Axiata's Asia Dream Fades as Rivals Bid for Its Overseas Units

(Bloomberg) -- Axiata Group Bhd.’s dream of building a carrier that spans southern Asia from Singapore to Pakistan, Indonesia and India is fading as it risks losing hold of overseas units to rivals.

Malaysia’s biggest wireless carrier received an offer from Singapore Press Holdings Ltd. and Keppel Corp. to buy out its stake in M1 Ltd., the latest in a series of challenges to its regional presence.

The view was rosier for Axiata in 2016, when Chief Executive Officer Jamaludin Ibrahim signaled interest in raising its stake in M1. He also planned to double the number of telecommunication towers in South and Southeast Asia in three years and eventually offer the assets in a public offering. Since then, its stake in Idea Cellular Ltd. was diluted by half after the Indian carrier merged with Vodafone Group Plc, and its plan to buy Veon Ltd.’s tower unit in Pakistan was called off.
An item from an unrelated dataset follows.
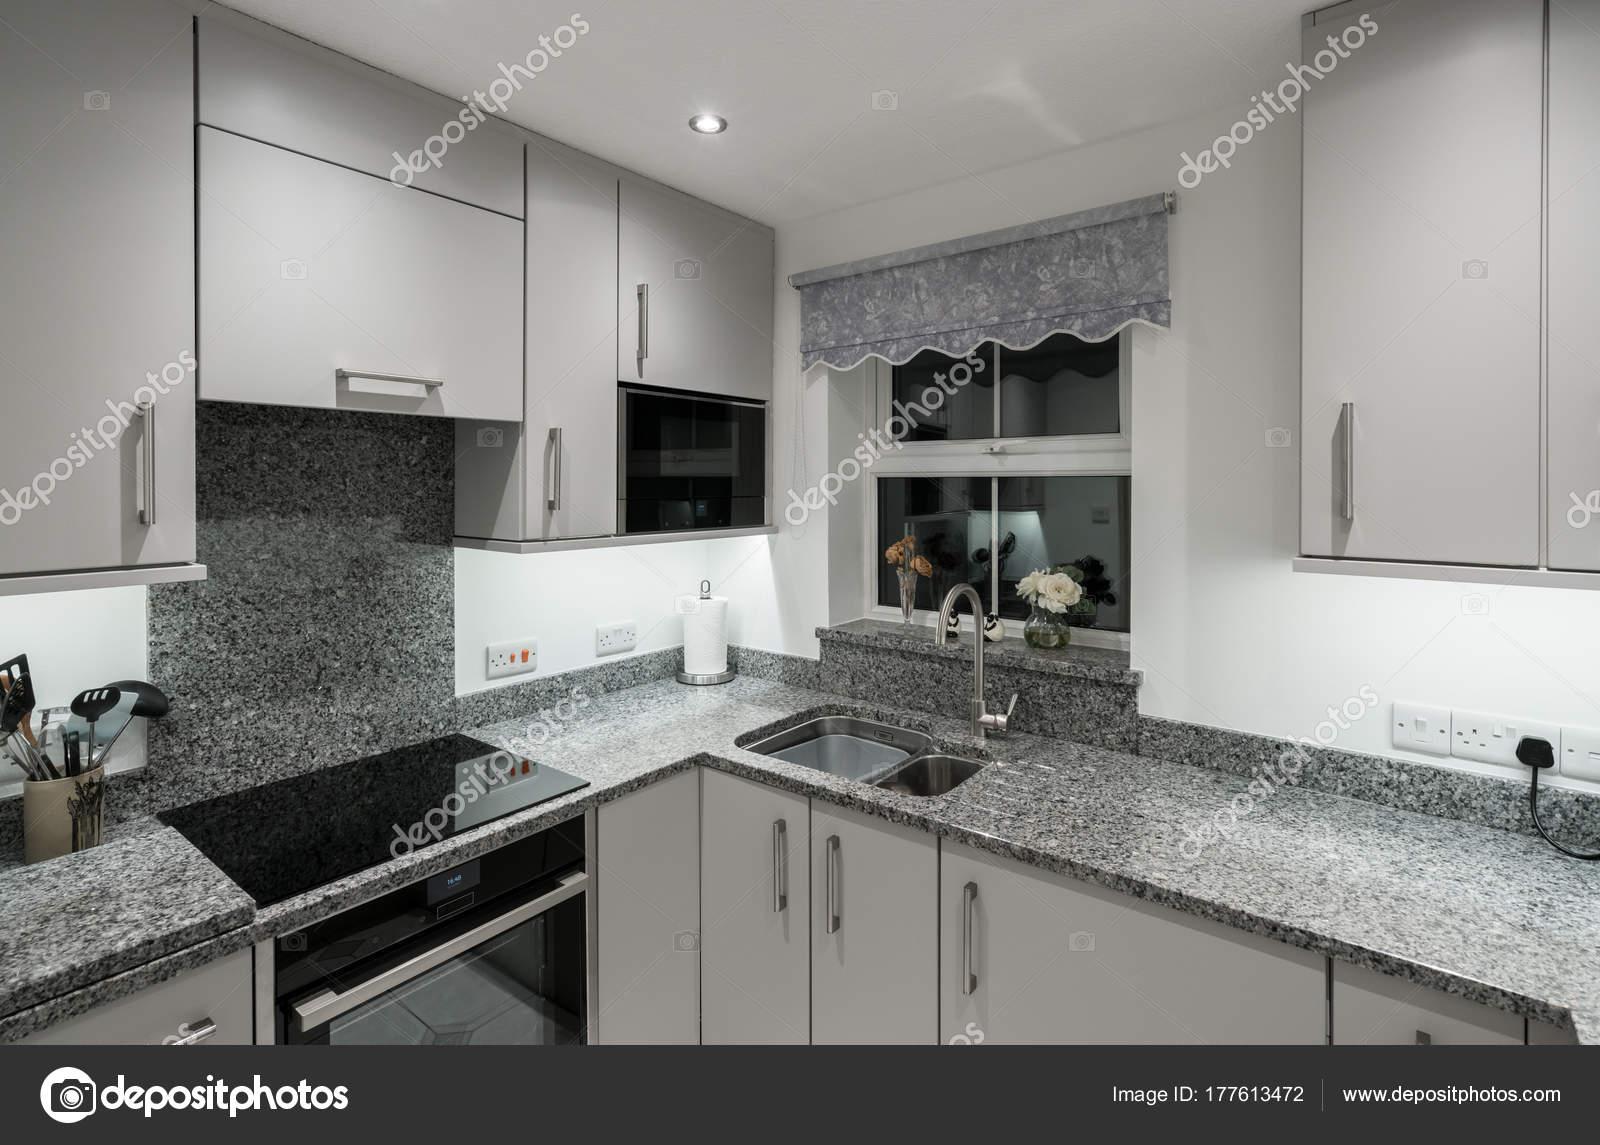 Kleine moderne keuken in appartement met granieten werkblad

M1 remains a “strategic asset” for Axiata, and the Malaysian carrier will continue to review all available options, with the sole objective of upholding shareholders’ value, the company’s spokesman said in response to Bloomberg. It has presence in 11 countries now, compared to 10 a decade ago, and has expanded to tower infrastructure and the digital business.

“We are much more of a regional player today compared to when we first started, and we will continue to pursue our expansion in areas that enable us to grow and enhance shareholders’ value,” the spokesman said.

Fully Repaid

Higher competition and regulatory hurdles are the key reasons for its overseas troubles, Shafiq Kadir, analyst at KAF-Seagroatt & Campbell Bhd said by phone. “They will have to seek other acquisitions or expansion, and increase focus at home and in Indonesia, to make up for this,” he said.

Axiata still has operations in Indonesia, Bangladesh, Sri Lanka, Nepal and Cambodia. The Malaysian carrier paid S$260.8 million for an early 12.1 percent stake in M1 in 2005 at S$2.20 per share. It would gain S$547 million if it accepts SPH-Keppel’s offer of S$2.06 as M1’s dividends over the years have fully repaid the debt and equity used to buy its current 28.68 percent stake, according to Bloomberg calculations.

Analysts at Daiwa Capital Markets Singapore Ltd. and Citigroup Global Markets Inc said Axiata can counter SPH-Keppel’s buyout offer if it chooses to.

“We think it is unlikely it would agree to the offer,” Ramakrishna Maruvada, analyst at Daiwa Capital Markets Singapore Ltd., wrote in note on Thursday. “On the strength of its balance sheet alone it has adequate resources to engage in a bidding war up to S$2.50.”